§ **Exercise**: The task requires repeating, word for word, the lines from the one with "7e81d21f51d7 Fendi Spy" through the end of the material, leaving out all pictures.

§ **Data block**:

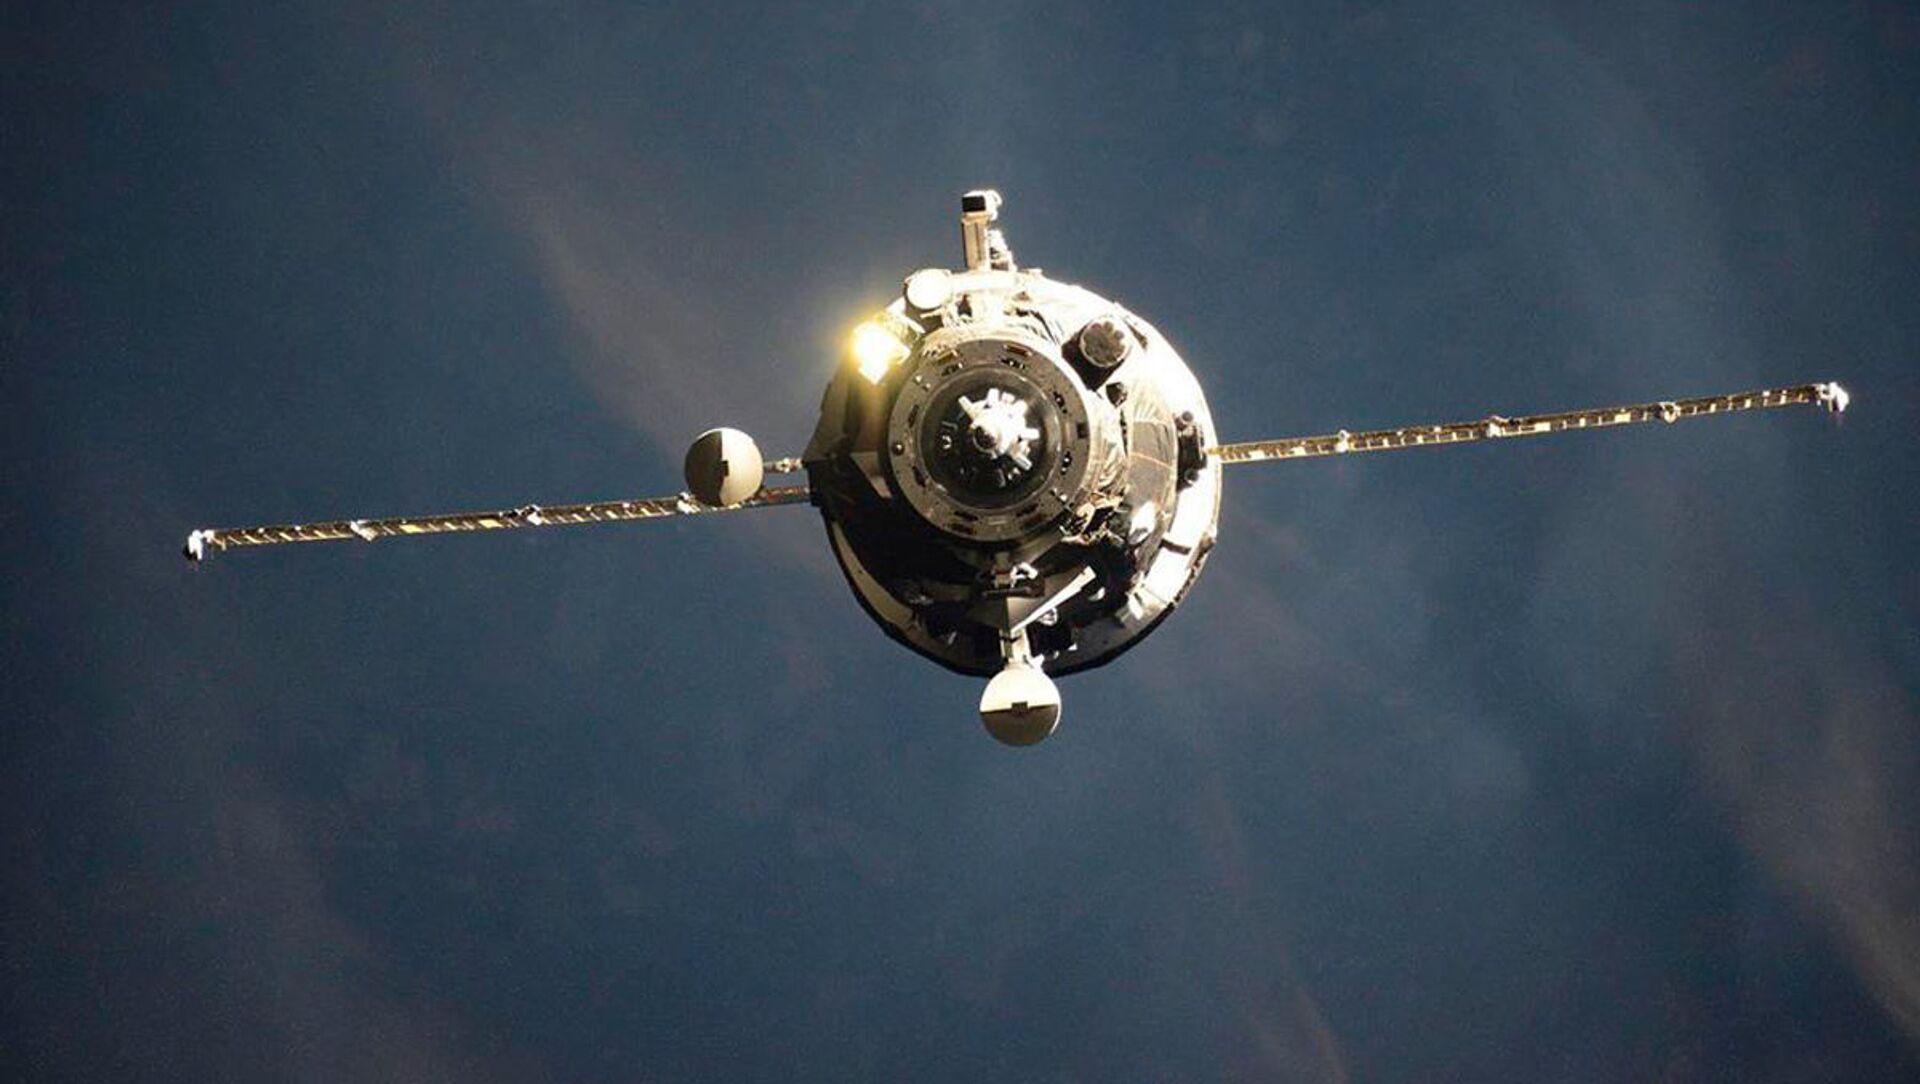 Nave da carico Progress MS-14 - Sputnik Italia, 1920, 28.03.2021
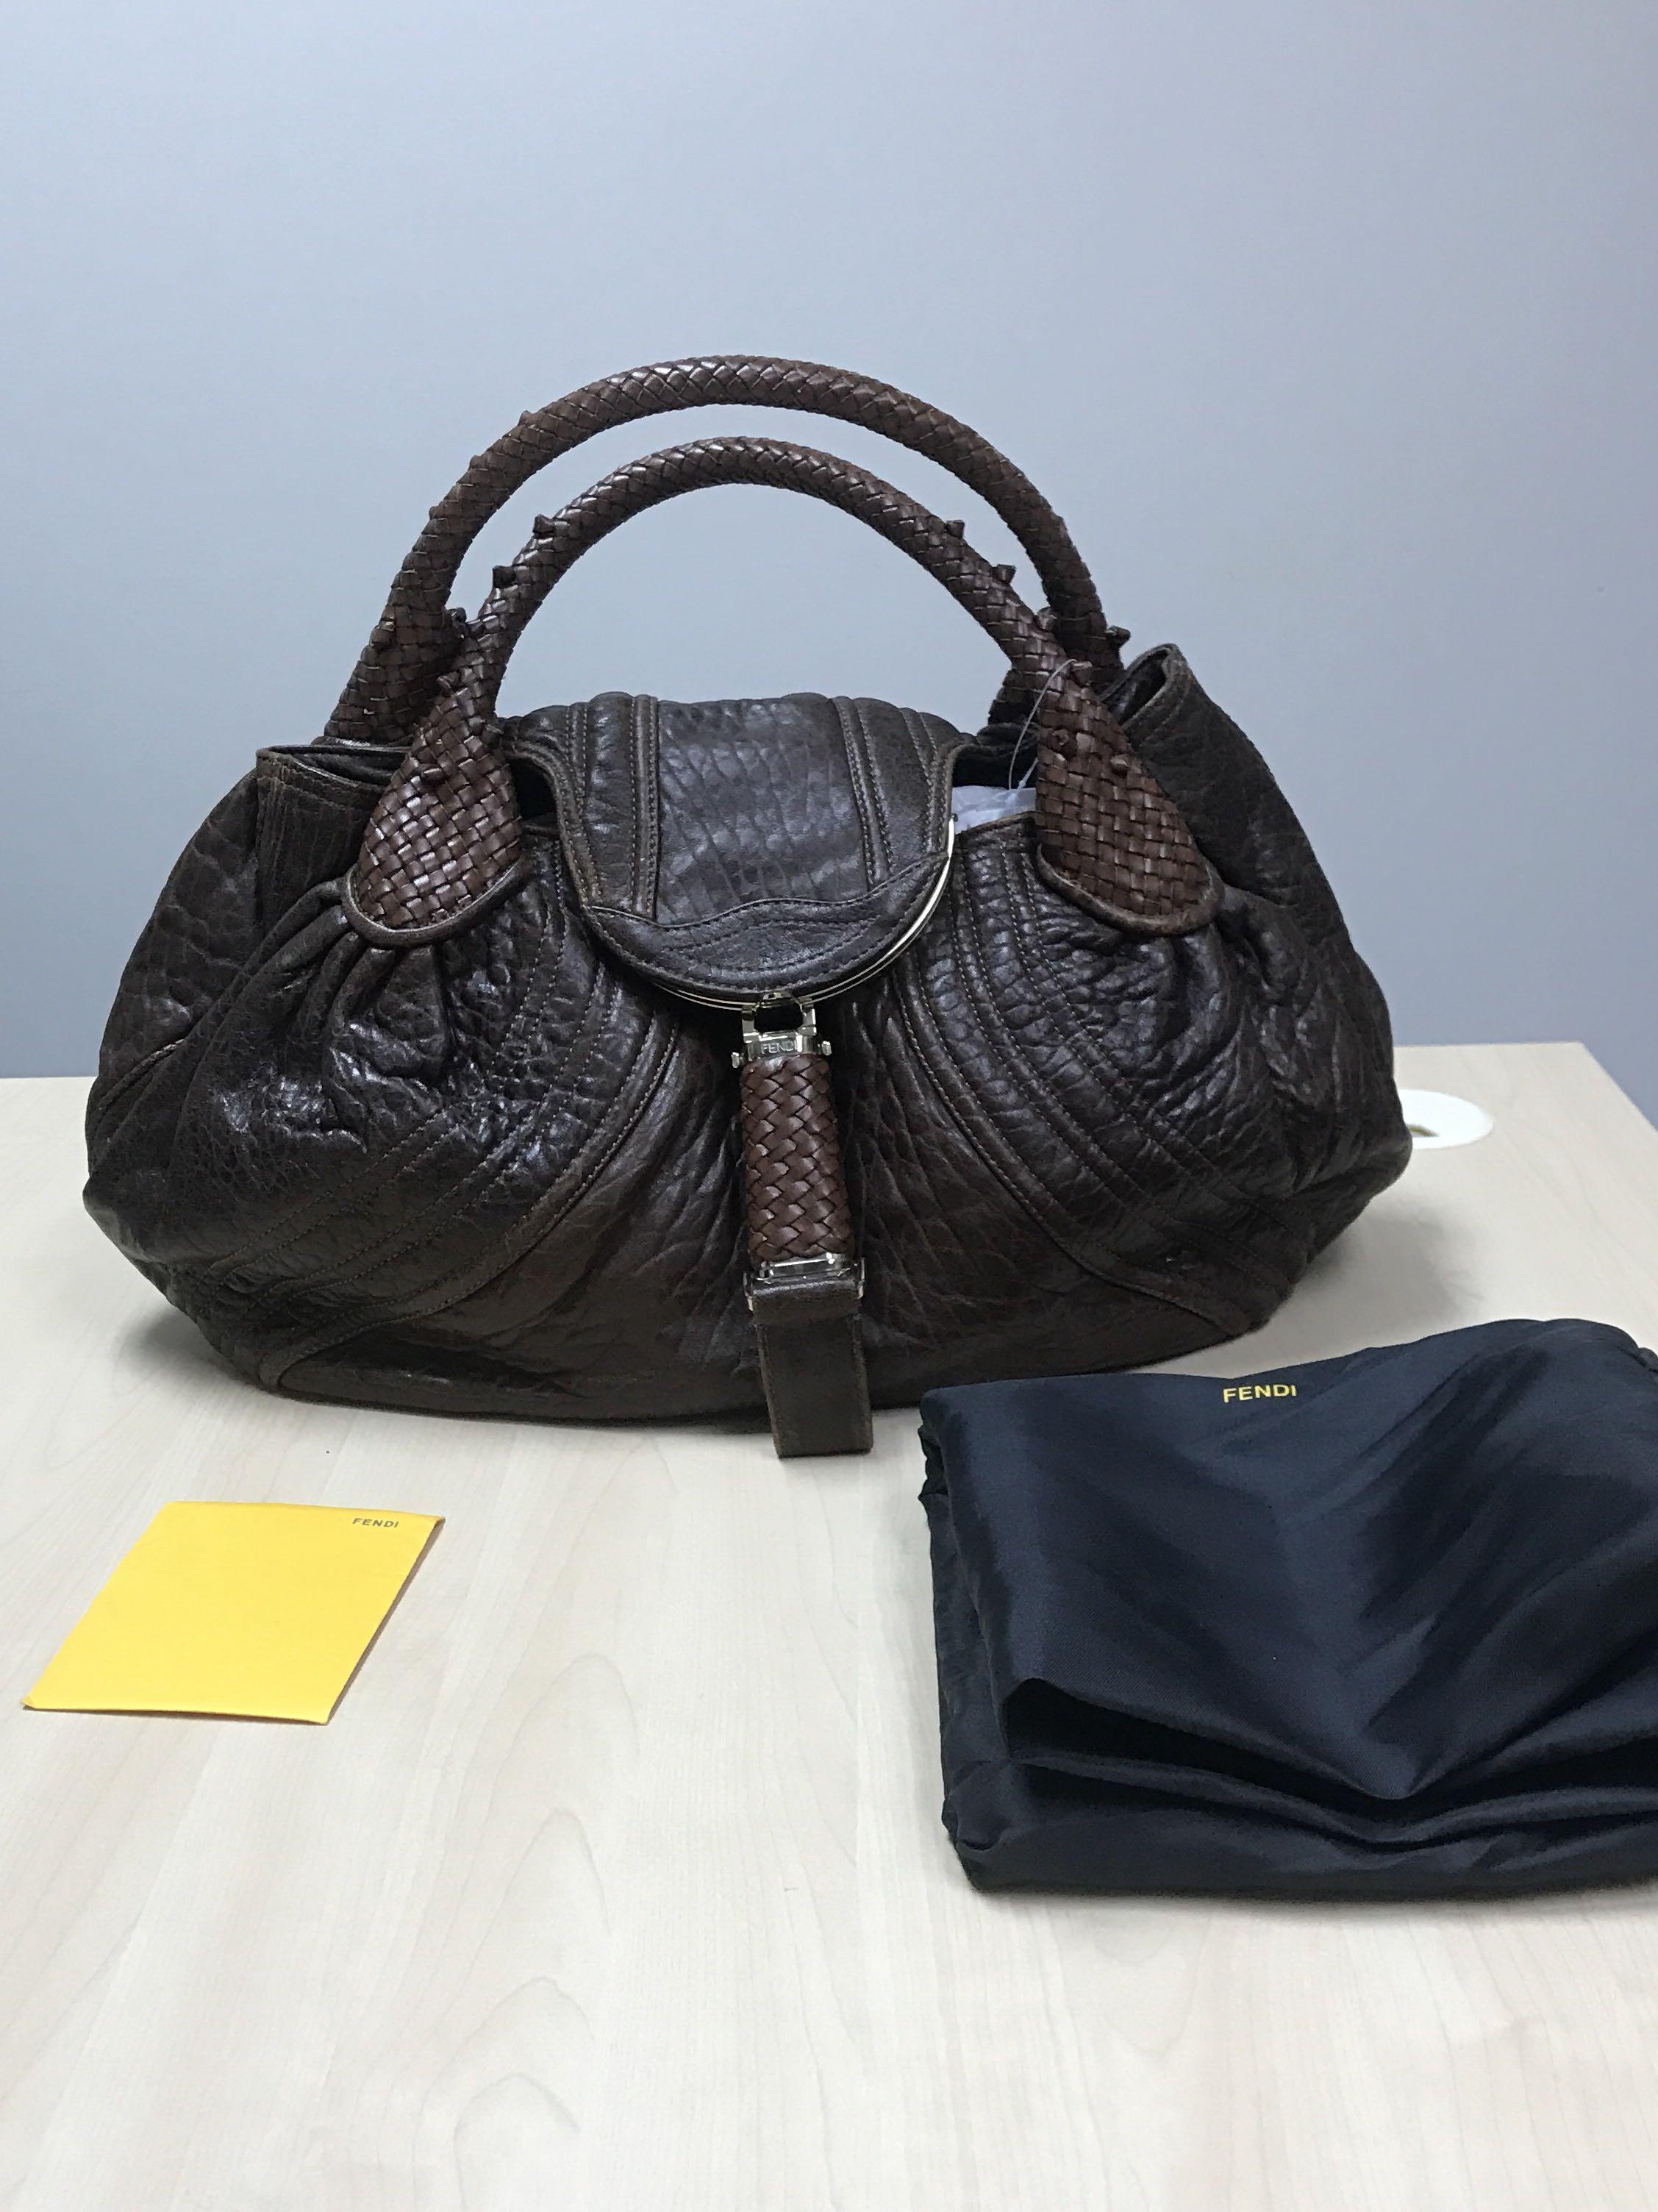 7e81d21f51d7 Fendi Spy Bag, Luxury, Bags & Wallets, Handbags on Carousell
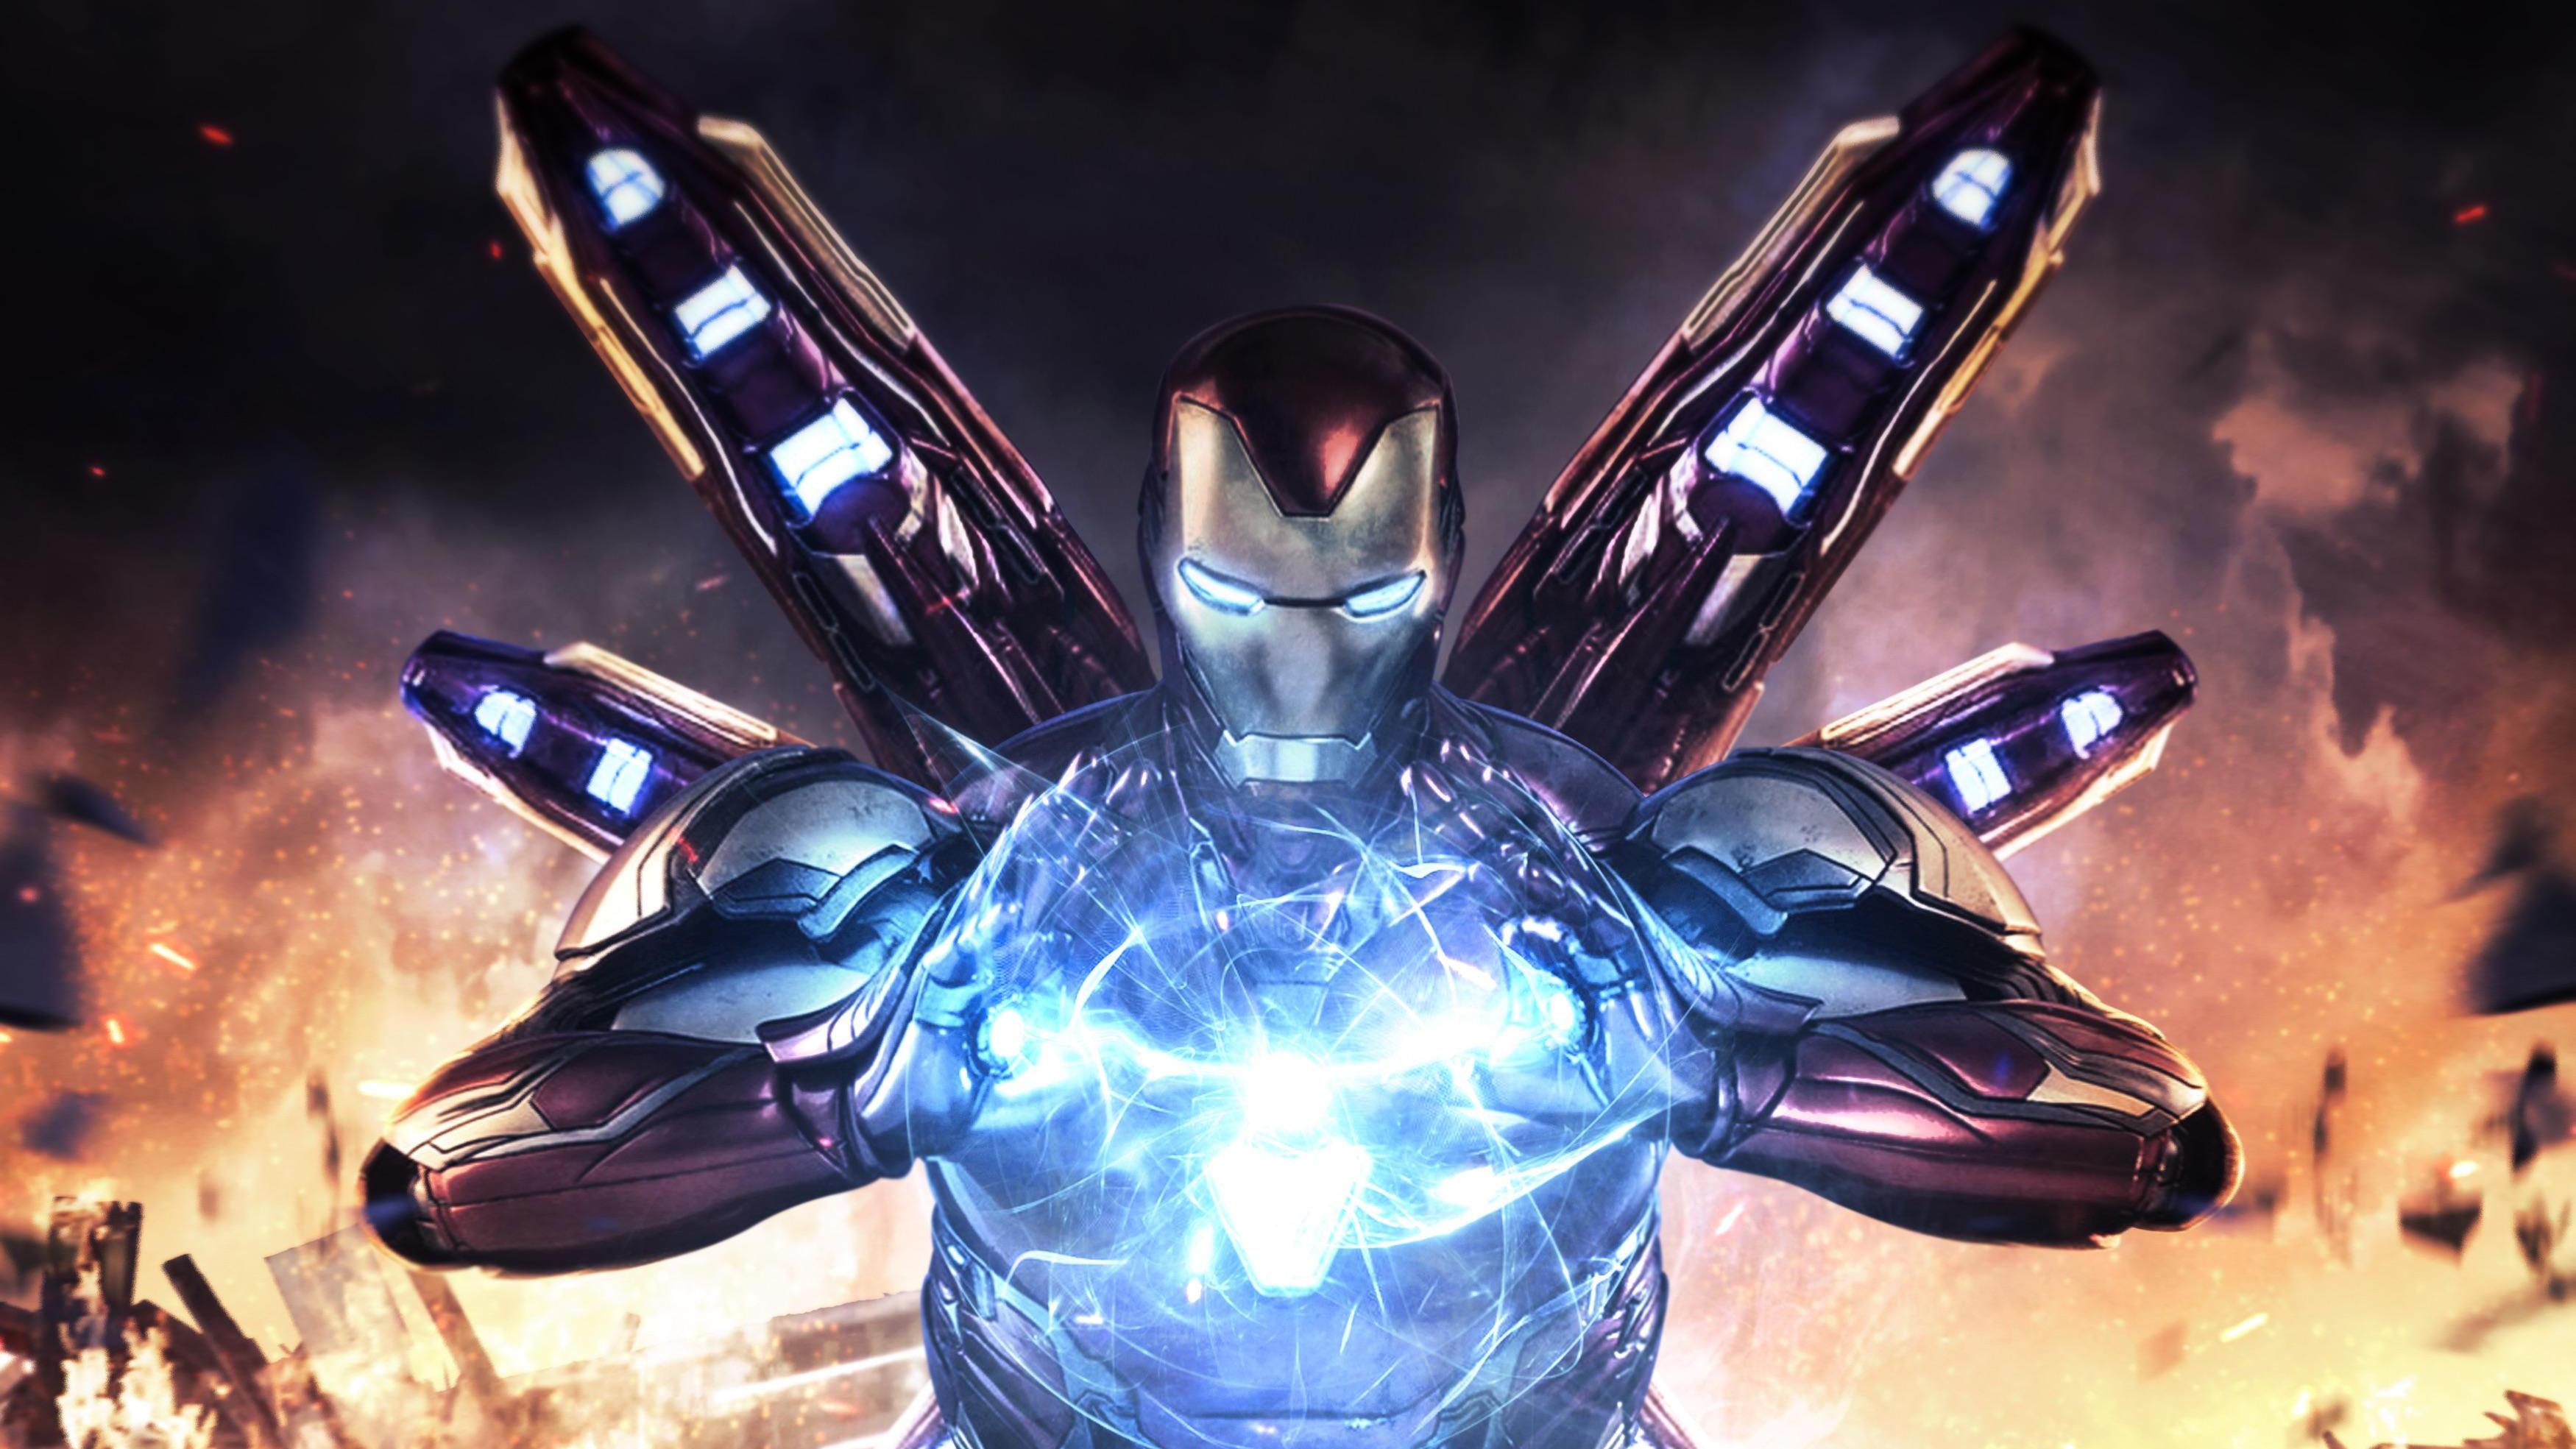 Iron Man Avengers Endgame 4k Hd Superheroes 4k Wallpapers

§ **Exercise solution**:
 7e81d21f51d7 Fendi Spy Bag, Luxury, Bags & Wallets, Handbags on Carousell
 Iron Man Avengers Endgame 4k Hd Superheroes 4k Wallpapers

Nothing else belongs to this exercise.